RBN’s own Todd Root published a blog July 26 on the fundamentals driving the recent spike in ethane prices.
For those of you not up to speed, two weeks ago ethane prices shot up with the grace of an Olympic diver and as such, came splashing down last Tuesday. The RBN team concluded that the sudden spike was due to factors such as tight fractionation capacity from recent high temperatures and other weather-related events earlier in the year, which opened the door to the possibility that a larger-than-normal percentage of reported NGL storage was “trapped” as Y-grade. In the tight ethane market those external factors created, our thinking was that midstreamers found themselves short on barrels and to cover their shorts they had to buy on the market, driving the price sky-high.

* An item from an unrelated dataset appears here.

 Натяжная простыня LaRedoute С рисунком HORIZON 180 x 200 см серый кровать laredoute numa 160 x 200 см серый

And once storage volumes cashed in, prices came crashing back to Earth.
Well, it’s earnings season, and the roller-coaster ride was still on investors' minds during Q&As, so let’s see how our theory held up.

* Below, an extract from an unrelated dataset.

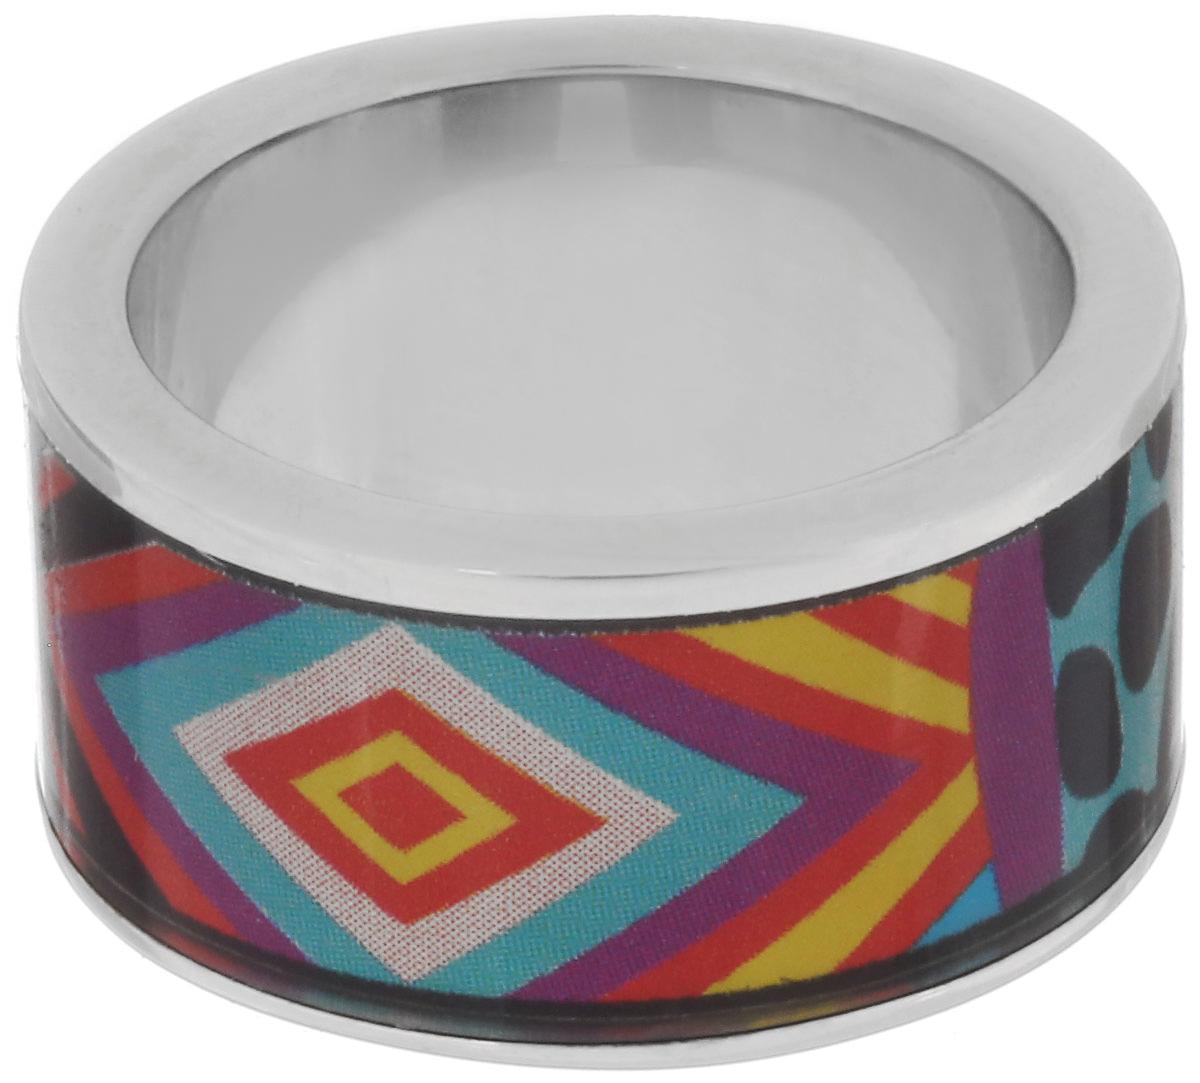 Кольцо Art-Silver, цвет: серебристый, мультиколор. ФК100-1-320. Размер 16,5ФК100-1-320Великолепное кольцо Art-Silver изготовлено из бижутерного сплава. Изделие с покрытием из эмали оформлено разнообразным неповторимым орнаментом. Стильное кольцо придаст вашему образу изюминку и подчеркнет индивидуальность.

Energy Transfer Co-CEO Marshall (Mackie) McCrea pointed out “RBN had a pretty good article” as he begun to elaborate on ethane’s wild ride. “You have cryos that struggle in heat … Frac struggled a little bit more, 5% to 7% of what we’ve seen or others have seen. There’s also kind of a shortage of inventory since that’s not really tracked and some rumors got out that the inventories were really short.” McCrea went on to say there was "no impact on us whatsoever or our customers ... it was just a kind of a conglomeration of a lot of different things that happened over a short period of time."

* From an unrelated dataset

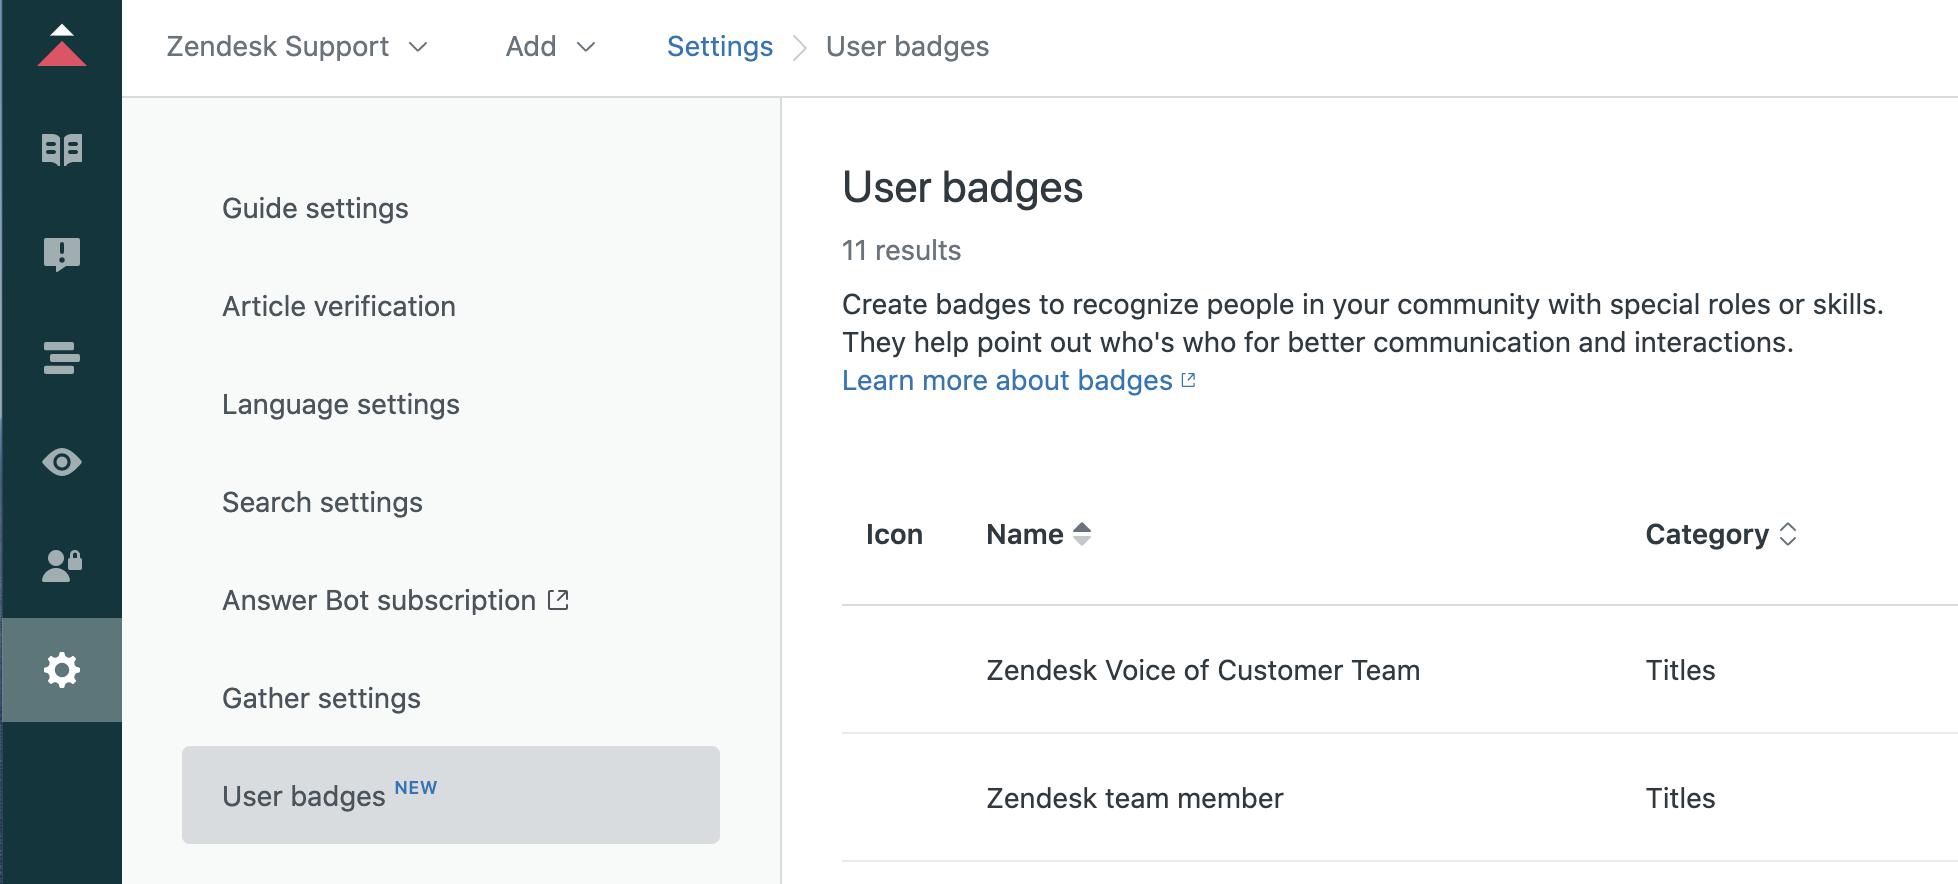 gather_badges_user_badges.png

On the Targa side of the fence, Scott Pryor, president of logistics and transportation, was asked about the effects of the recent ethane price spike. “Some of that was brought on as the market was pinched between weeks of rejection and improved petrochemical operating rates. ... And along with that, increased ethane exports," he said. “I think the market found itself in some opportunities where it spiked in order for folks to cover various positions.”
Tug Hanley, senior VP of pipelines and terminals for Enterprise, primarily attributed the volatility to ethane rejection. "We saw a bunch of ethane get rejected in the Permian Basin. You couple that with some operational issues on various plants across the entire basin, it was kind of some frac rates that were lower than normal and that made us very, very tight.” CEO Jim Teague called on COO Graham Bacon to detail the impact of Texas heat, who said, “Certainly there are some challenges with that, but I wouldn’t say it’s been a material impact on our operating rates, we generally designed for those conditions”. Enterprise's primary supect in the mystery was ethane rejection, although Teague was quick to point out “one of the most valuable assets we have is our storage. And yes, we were able to take advantage of the volatility on ethane."